### What you are asked to do:
Copy out the listing in full, exactly as written, but not its pictures.

[Dataset content Boundary: Start]

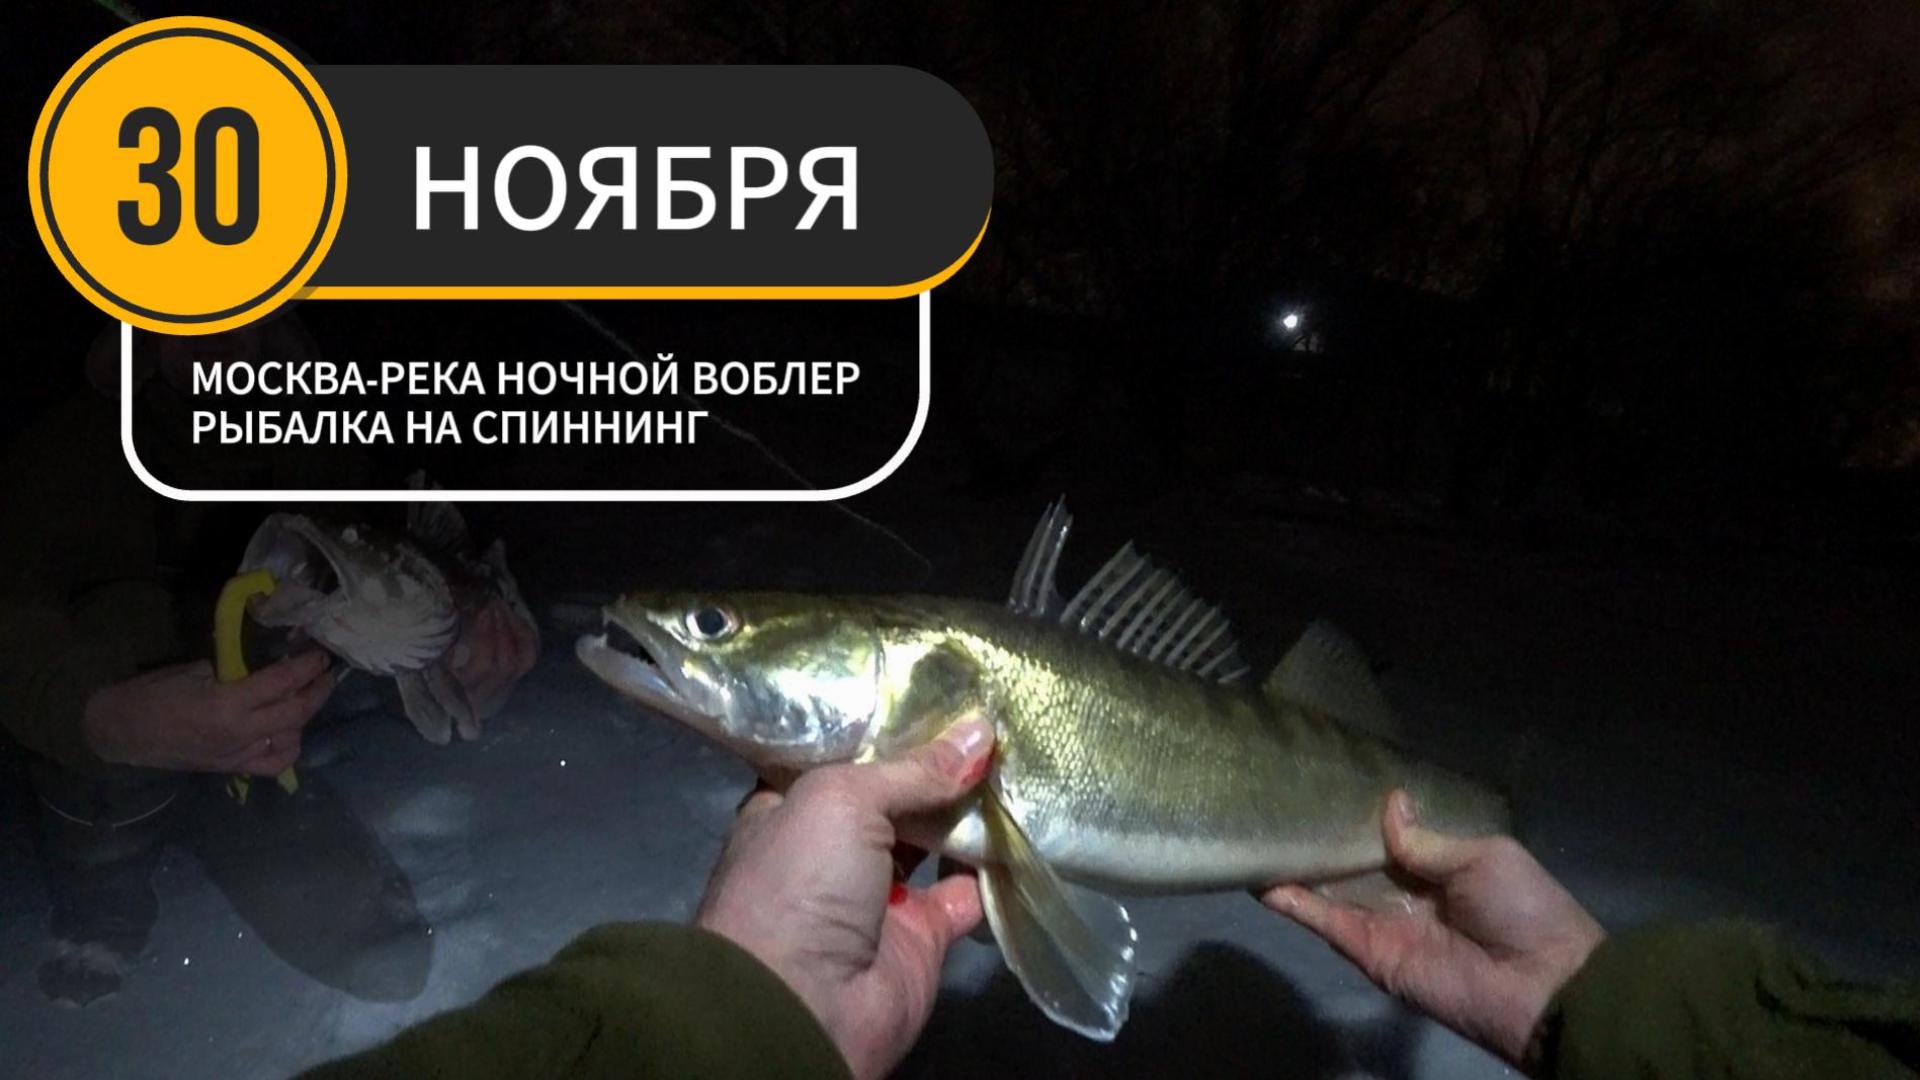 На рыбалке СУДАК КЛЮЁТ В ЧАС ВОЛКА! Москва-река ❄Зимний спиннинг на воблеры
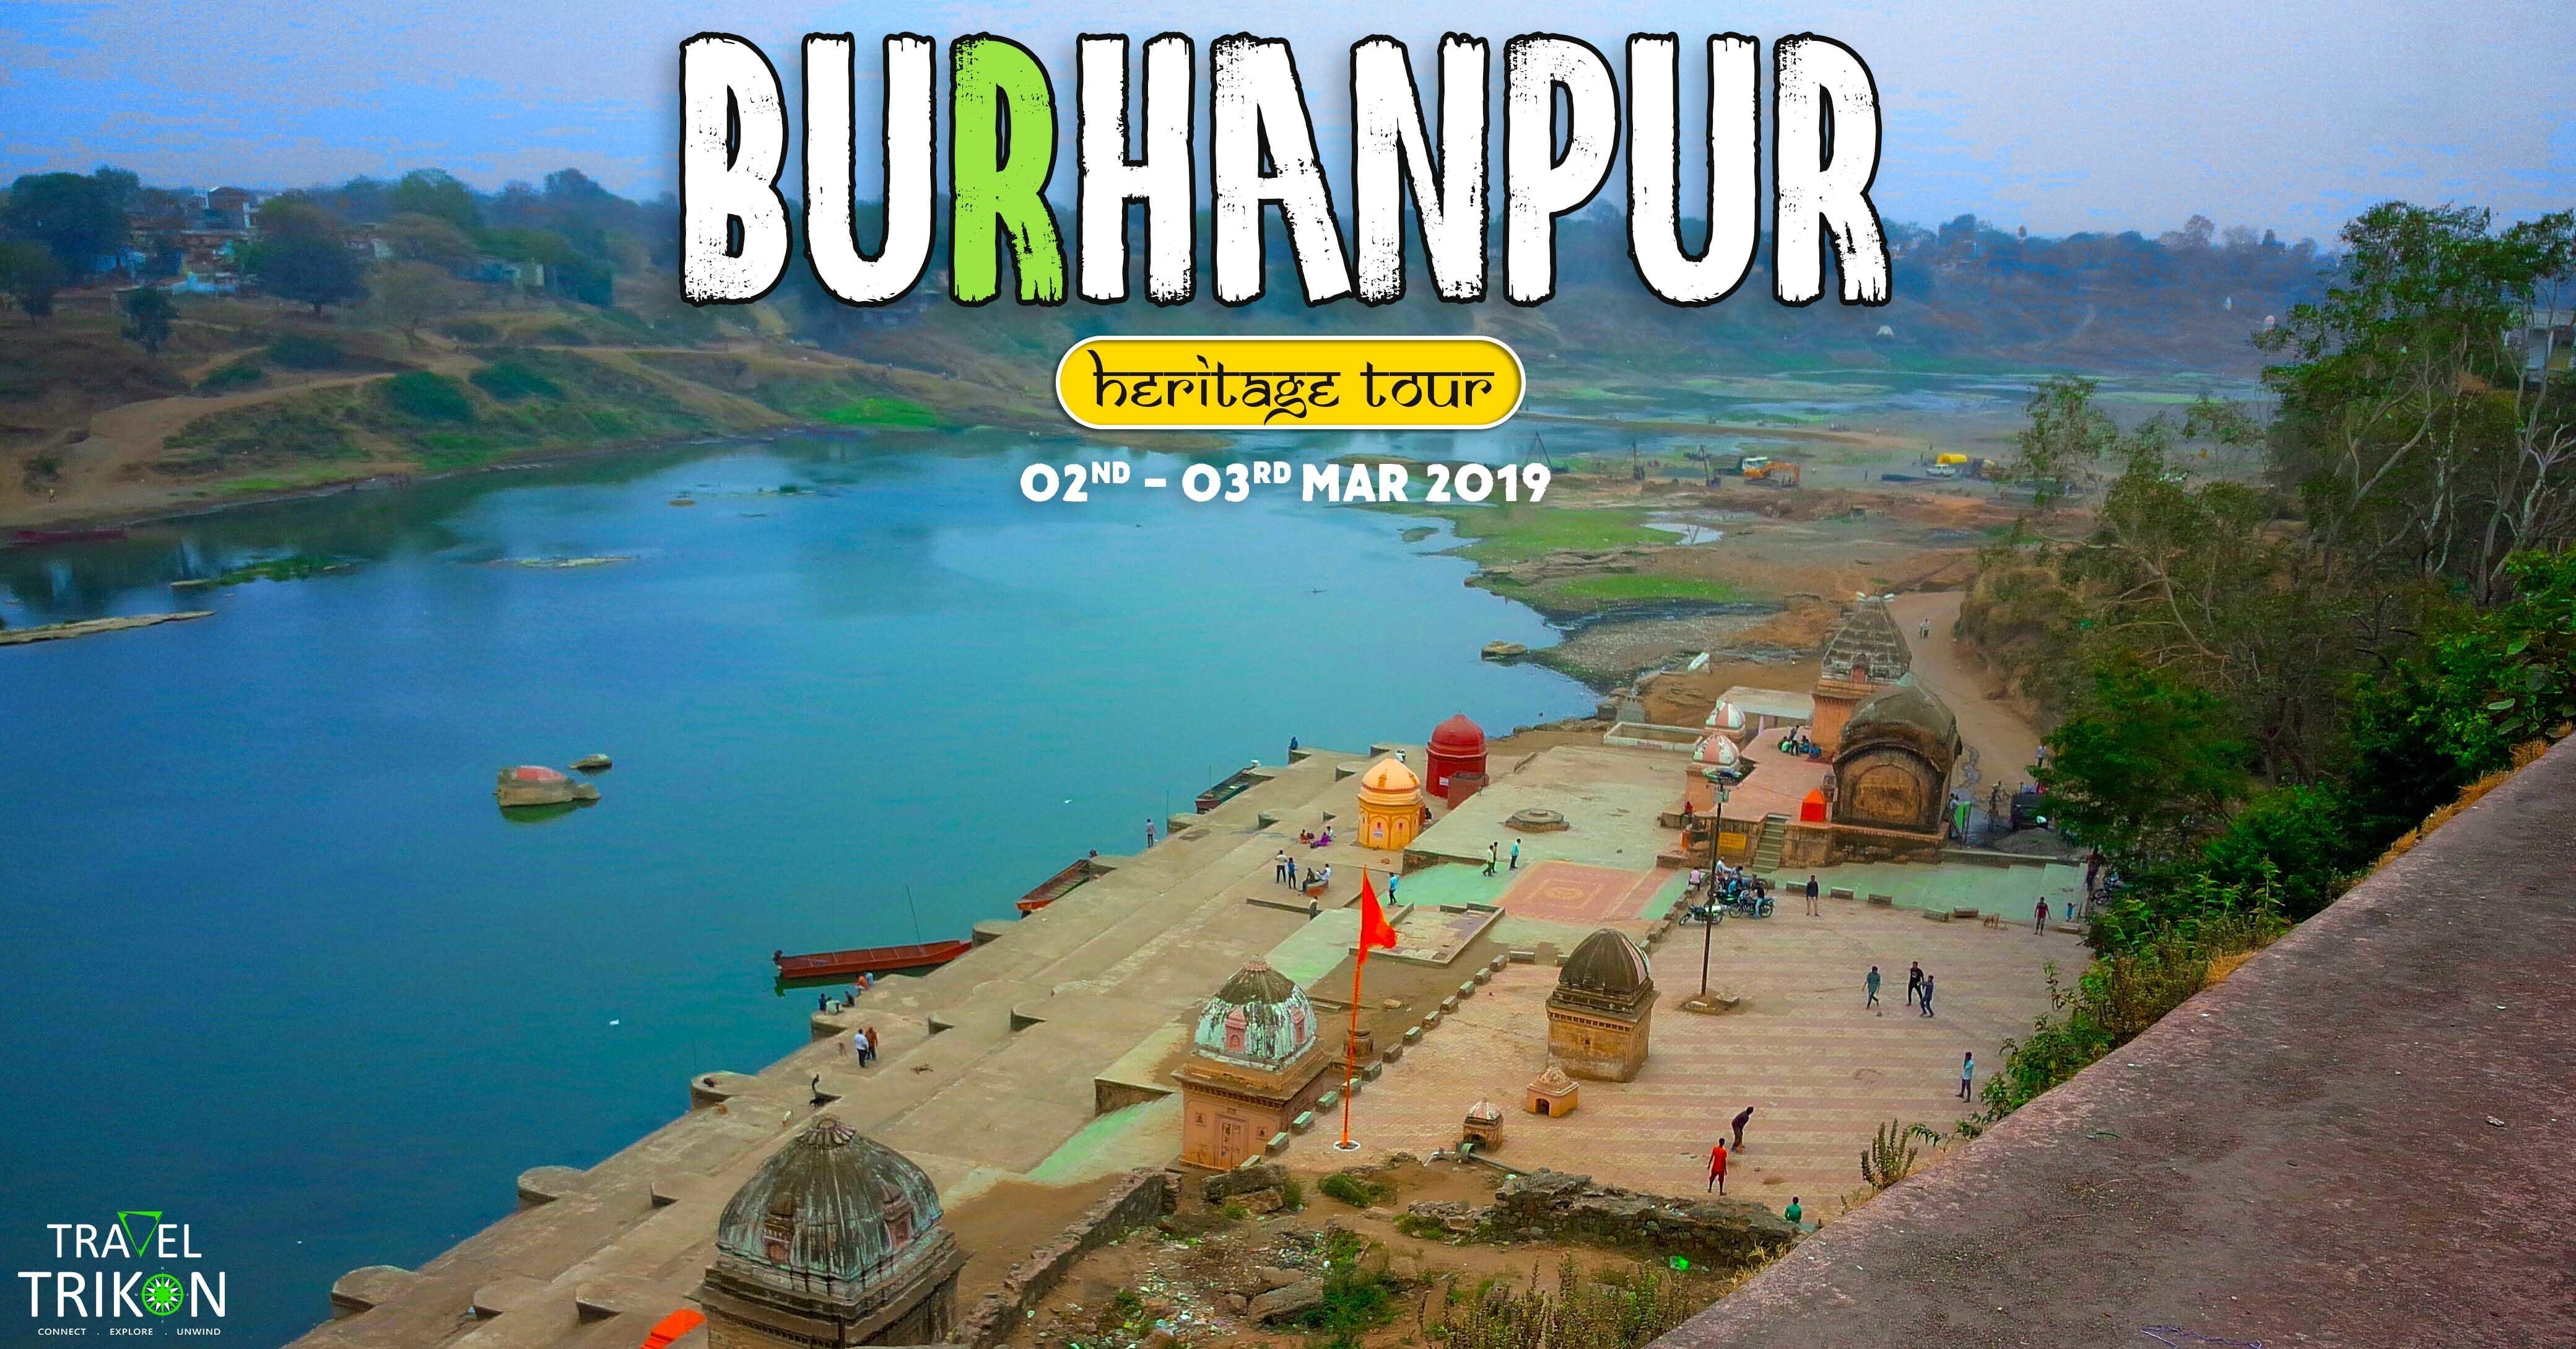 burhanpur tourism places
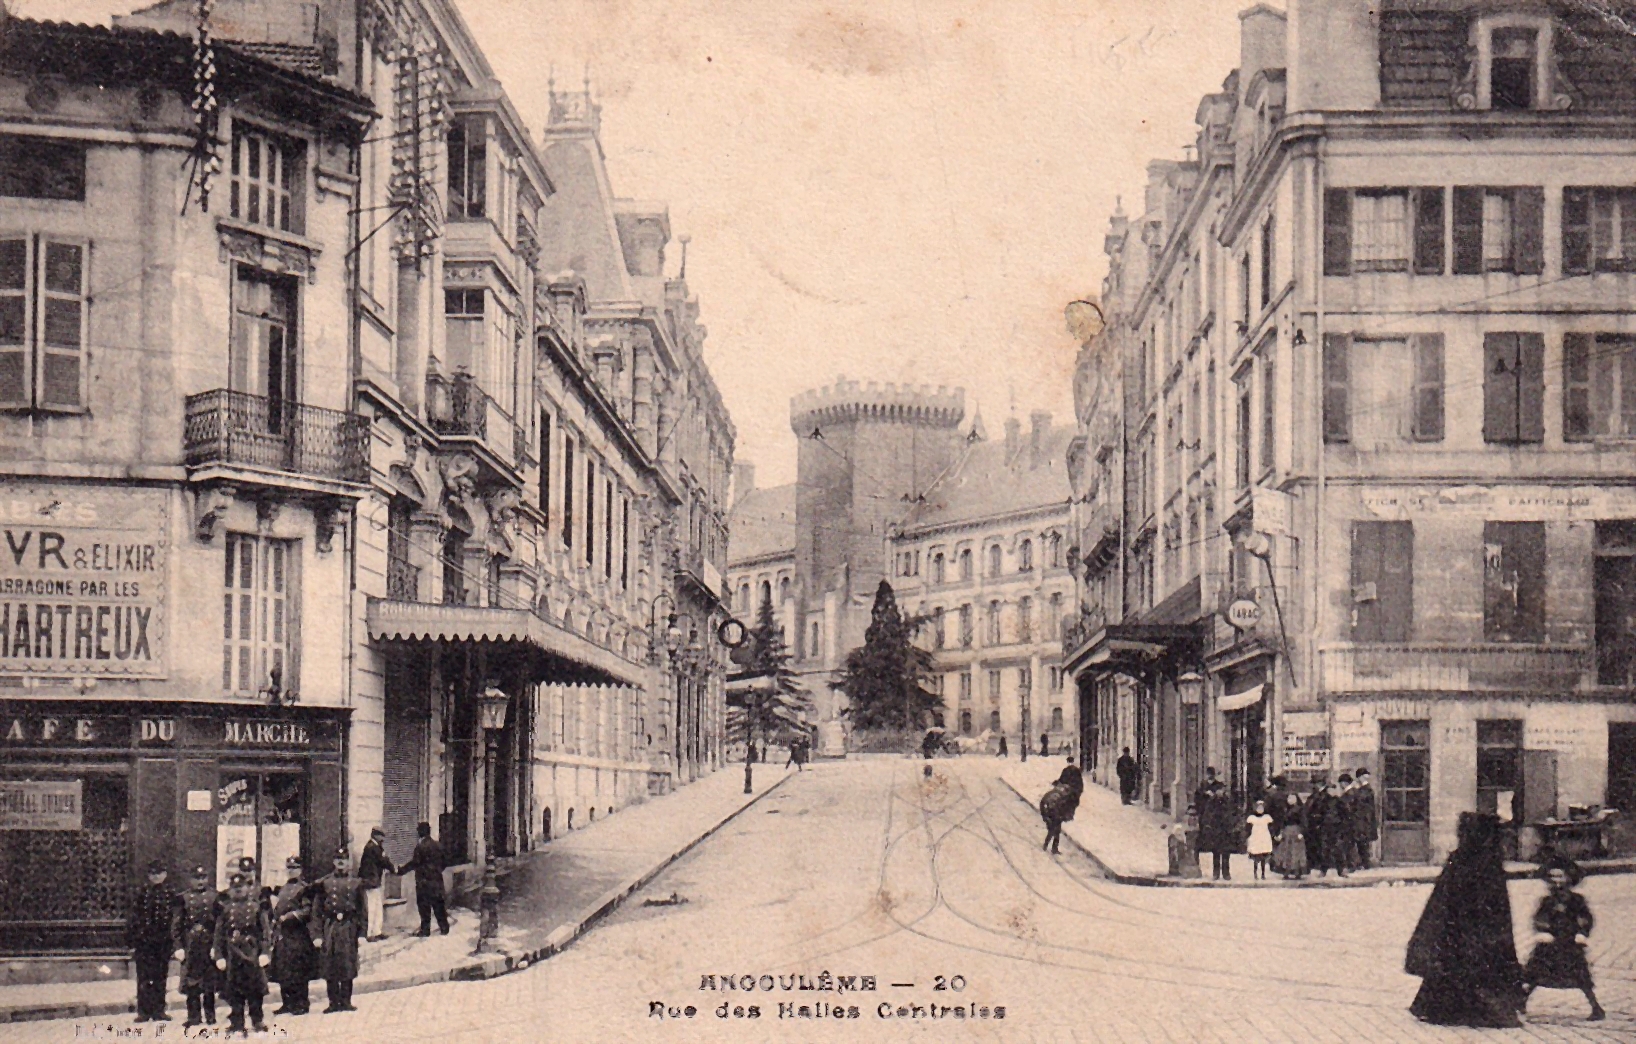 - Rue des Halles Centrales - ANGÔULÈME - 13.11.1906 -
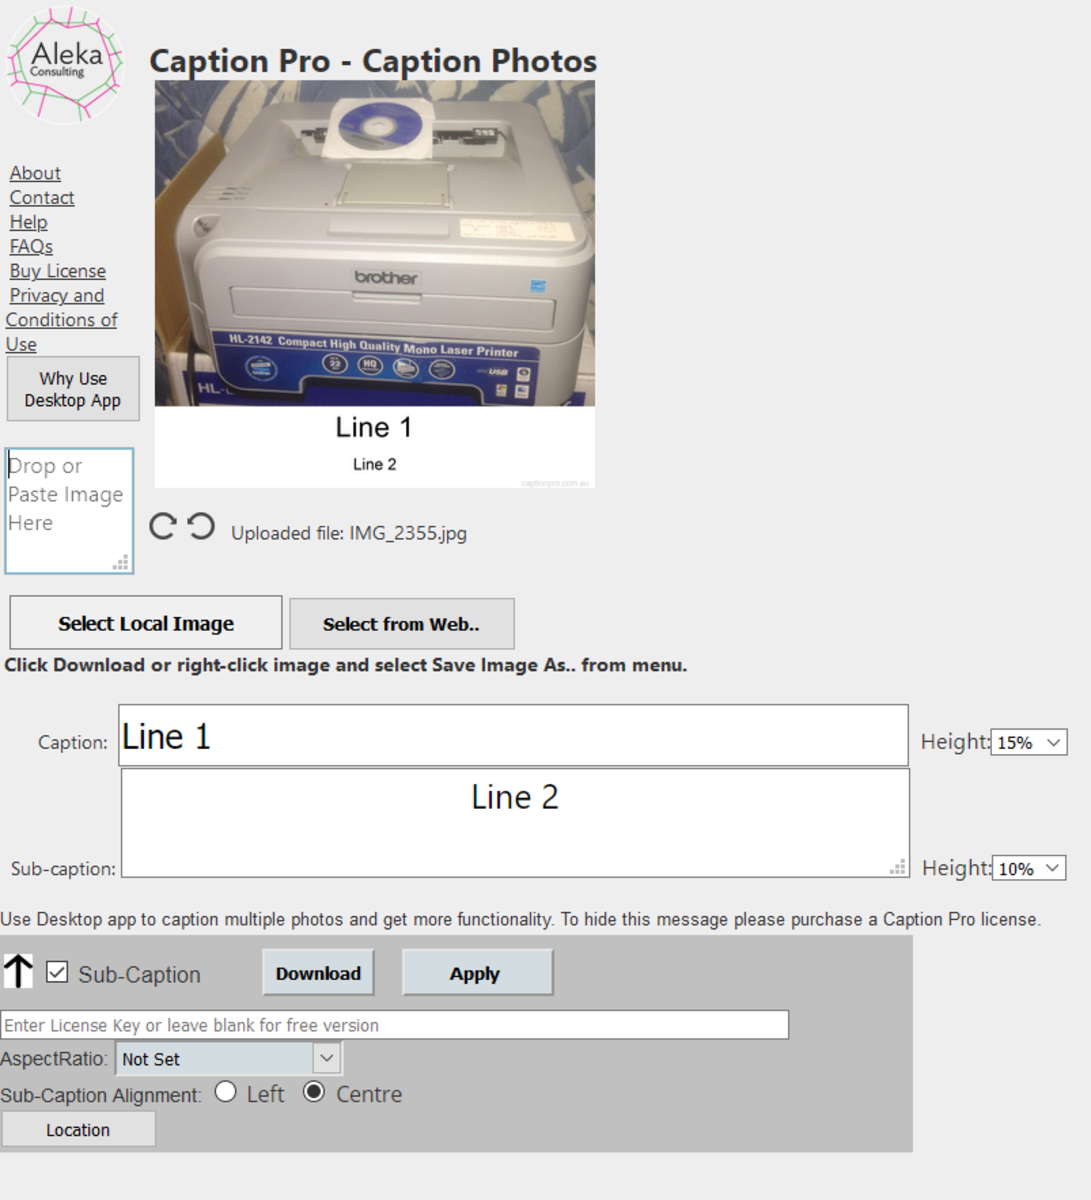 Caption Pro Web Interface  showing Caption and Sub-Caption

[Dataset content Boundary: End]

### Written answer:
 На рыбалке СУДАК КЛЮЁТ В ЧАС ВОЛКА! Москва-река ❄Зимний спиннинг на воблеры
 burhanpur tourism places
 - Rue des Halles Centrales - ANGÔULÈME - 13.11.1906 -
 Caption Pro Web Interface  showing Caption and Sub-Caption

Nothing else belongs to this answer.